**Information provided**
· · ·
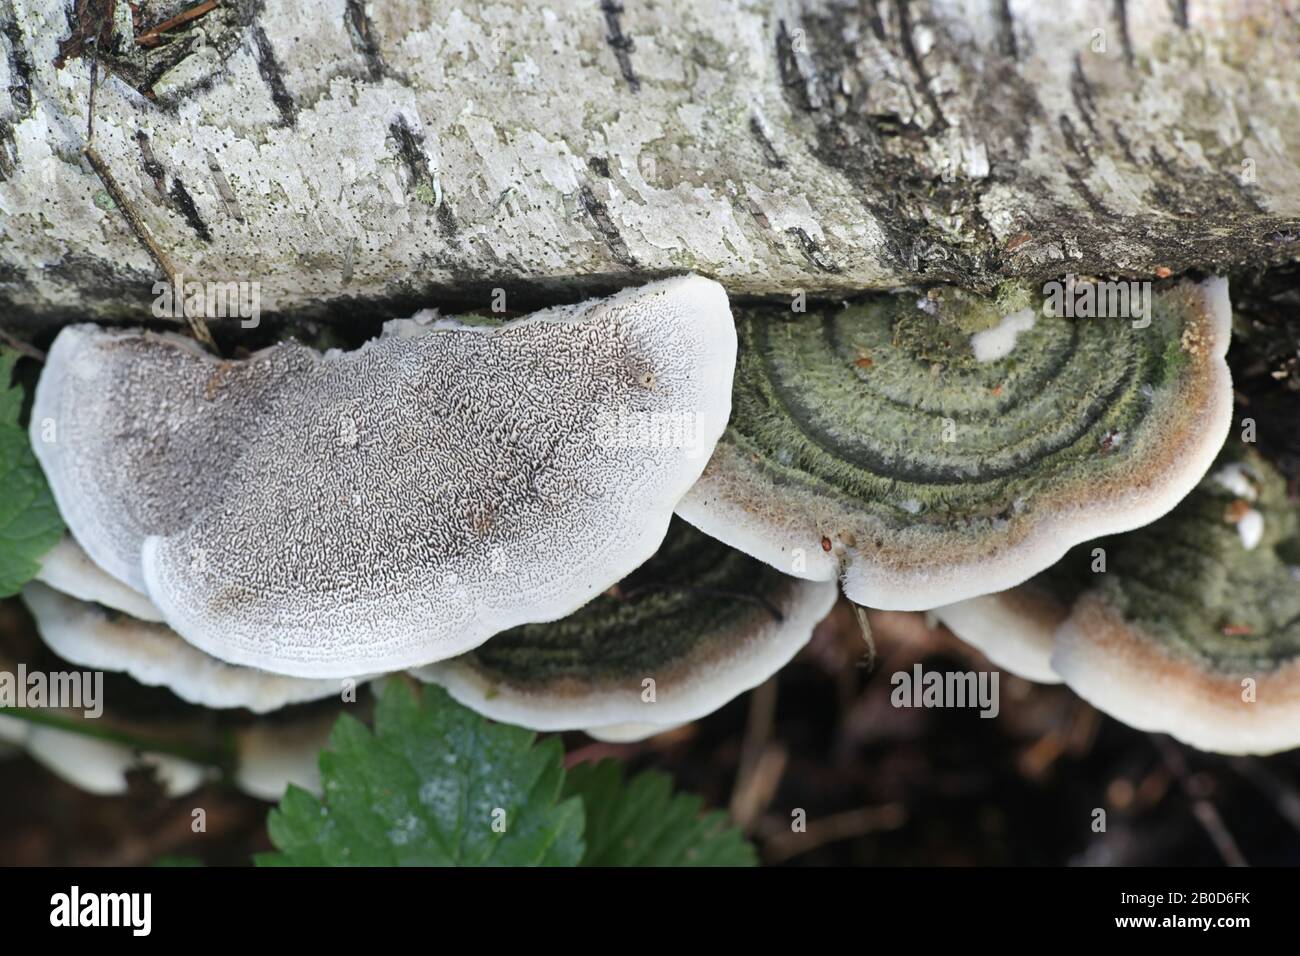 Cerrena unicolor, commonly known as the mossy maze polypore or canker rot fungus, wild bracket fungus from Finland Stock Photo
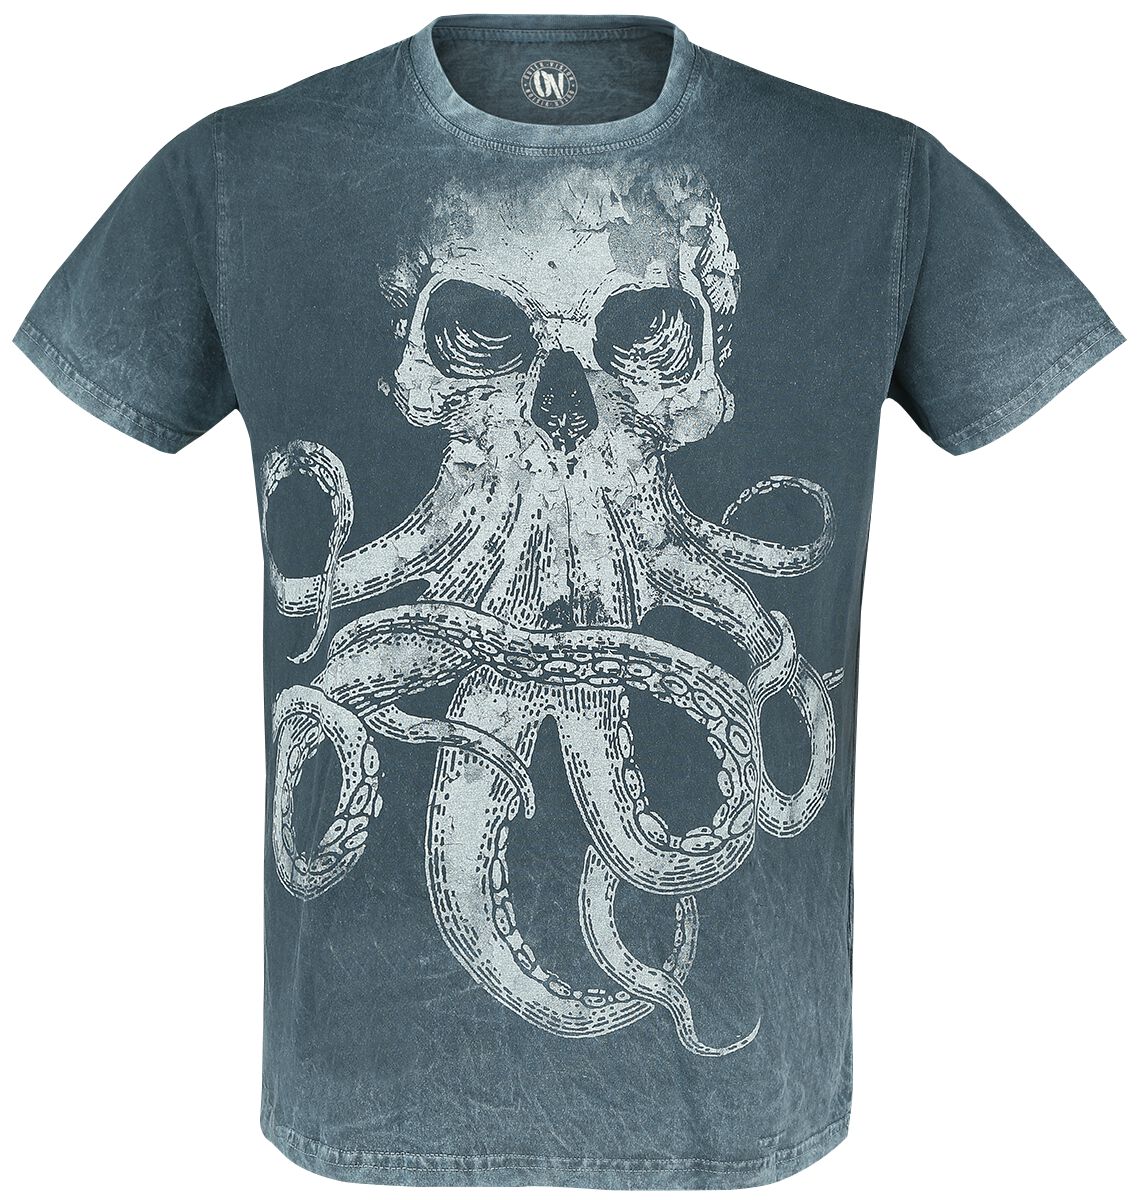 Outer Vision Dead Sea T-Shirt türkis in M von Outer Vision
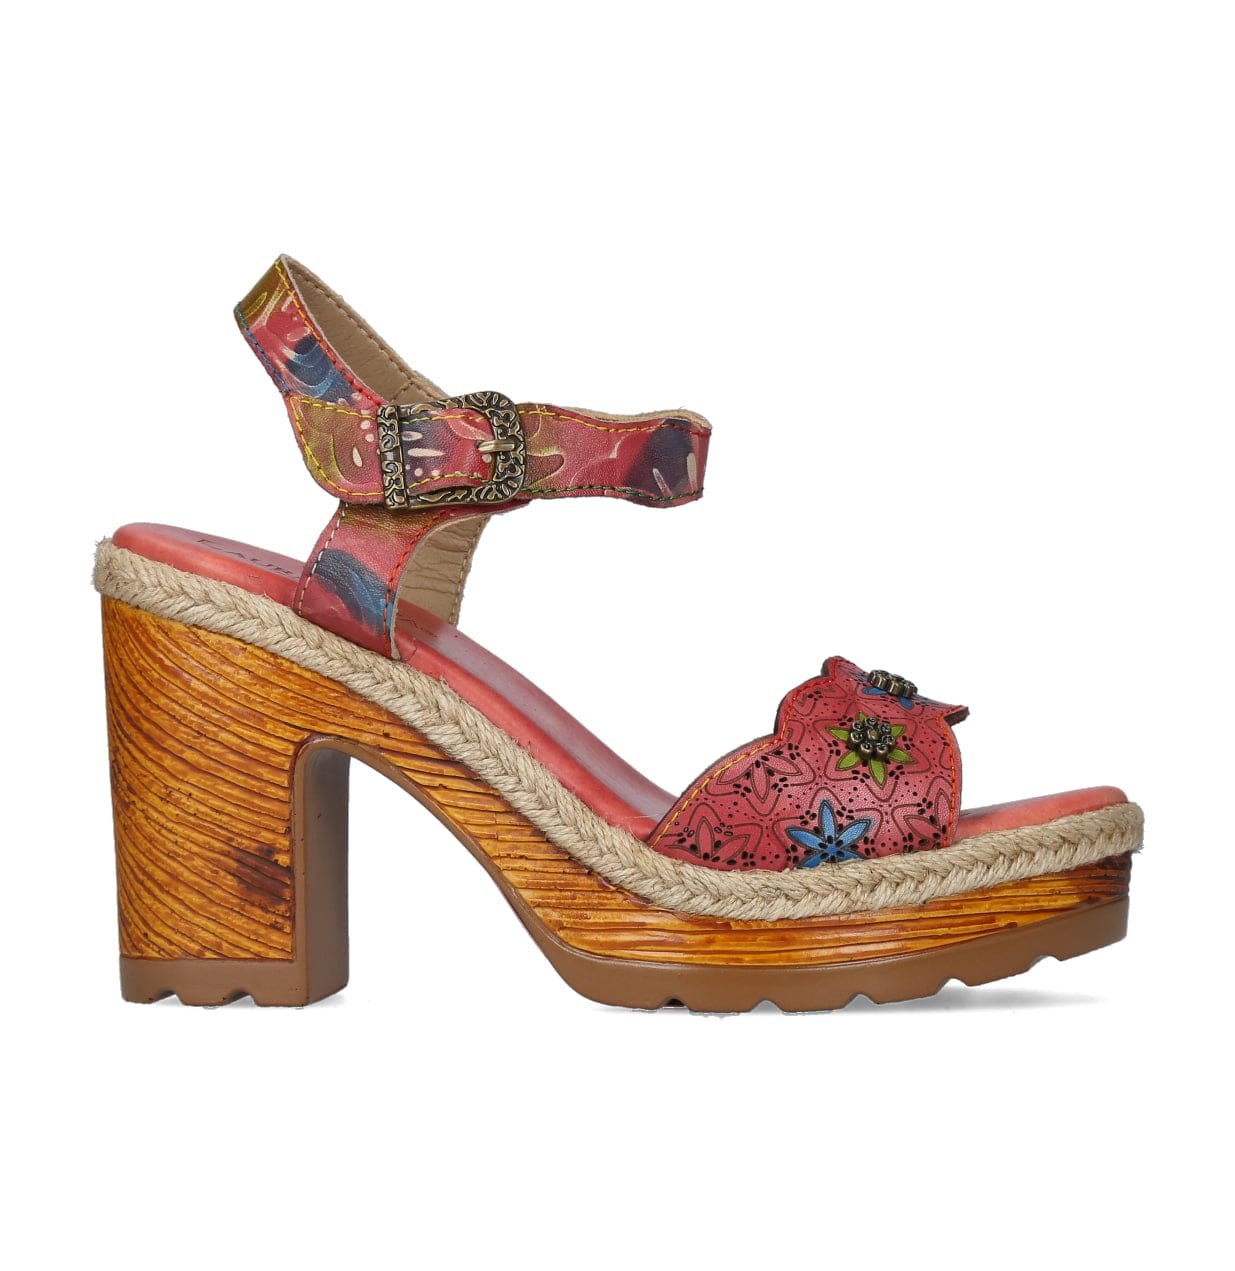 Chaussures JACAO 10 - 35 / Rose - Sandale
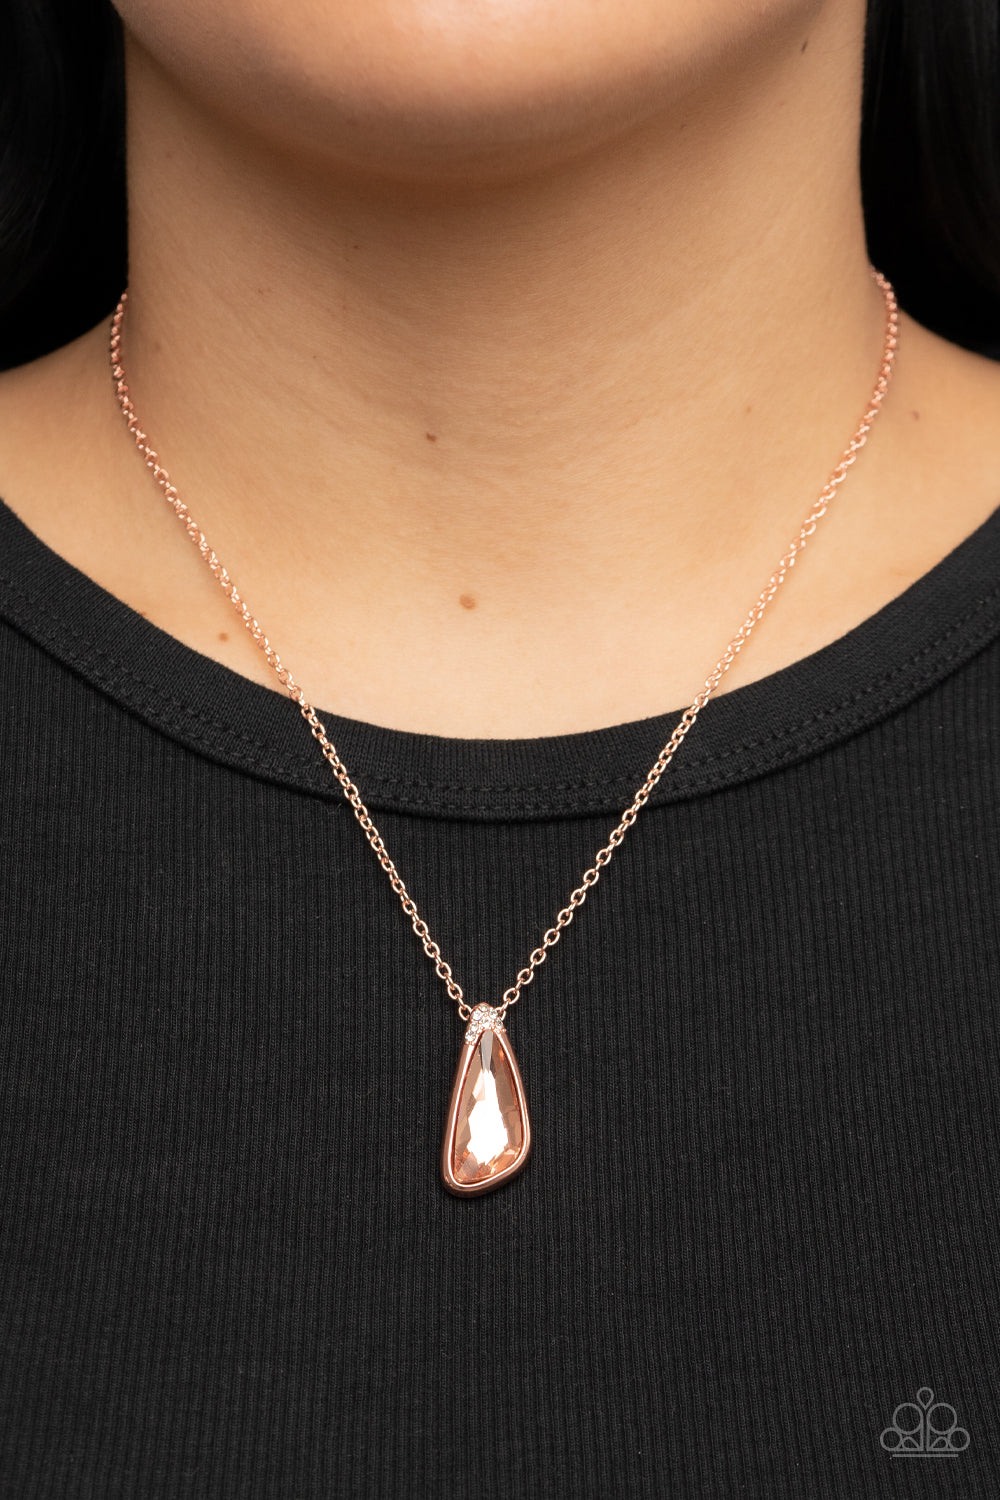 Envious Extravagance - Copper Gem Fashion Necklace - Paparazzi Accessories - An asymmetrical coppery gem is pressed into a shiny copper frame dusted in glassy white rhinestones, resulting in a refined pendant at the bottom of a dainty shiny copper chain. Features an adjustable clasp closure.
· · ·
**Brief**
Leave out every picture and write out exactly the lines running from the line containing "Chaussures JACAO 10 - 35 / Rose - Sandale" to the end of the listing above.

**Your solution**
 Chaussures JACAO 10 - 35 / Rose - Sandale
 Envious Extravagance - Copper Gem Fashion Necklace - Paparazzi Accessories - An asymmetrical coppery gem is pressed into a shiny copper frame dusted in glassy white rhinestones, resulting in a refined pendant at the bottom of a dainty shiny copper chain. Features an adjustable clasp closure.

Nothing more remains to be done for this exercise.